26.8: Percentage of residents who live at or below the federal poverty level
59: who are from communites of color
8.5 – 9.7: Percentage of adults who have been diagnosed with COPD, emphysema or chronic bronchitis
Polluting industries: Kapstone Paper and Packaging, Perdue Farms
Royal Pest Solutions has proposed building a log fumigation in Scotland Neck. It would emit up to 10 tons of methyl bromide into the air each year. The Atlantic Coast Pipeline would also route through the county.

Hertford County

33.8: Percentage of Ahoskie residents who live at or below the federal poverty level
22.7 – 23.9: Percentage of county residents who report their health is fair or poor
Enviva wood pellets operates a facility there.

One-Hour Martinizing, a former dry cleaners in Durham, is on the state’s Superfund list. Harmful vapors and a solvent plume have been found at and adjacent to the site.

Northampton County

59: percentage of residents who are persons of color
27.5 –29.6: Percentage of adults who report having a disability
Polluting industries include an Enviva wood pellet plant, two coal ash dumps (they are not owned by Duke Energy), and a third one proposed by the VistaGreen company.
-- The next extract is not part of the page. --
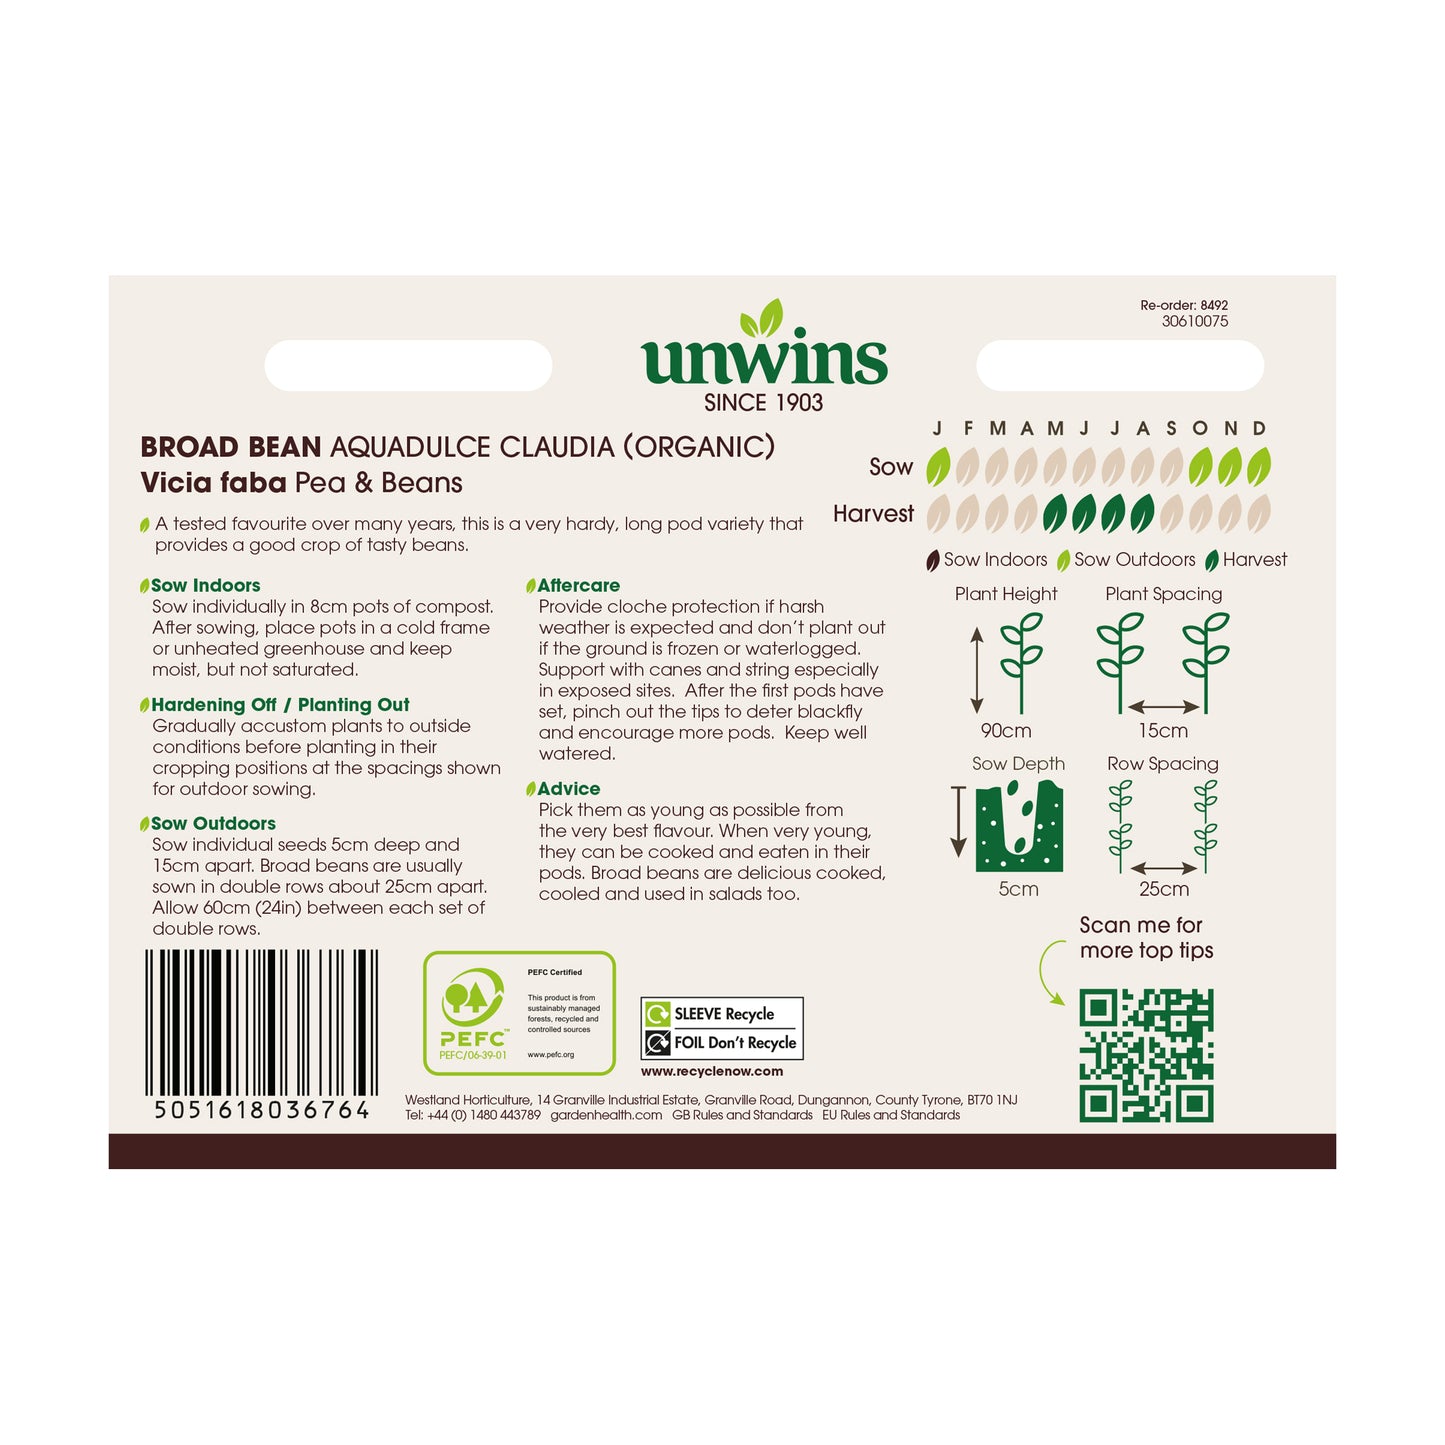 Unwins Organic Broad Bean Aquadulce Claudia Seeds Back

The Atlantic Coast Pipeline would enter North Carolina in Pleasant Hill, where Dominion Energy and Duke Energy also plan to build a compressor station.

Robeson County

75: Percentage of residents who are persons of color
41: Of those people, percentage that are American Indian
27.8: Percentage of residents who live at or below the federal poverty level
The Atlantic Coast Pipeline would route through Robeson County. Piedmont Natural Gas just announced it plans to build a liquified natural gas operation there.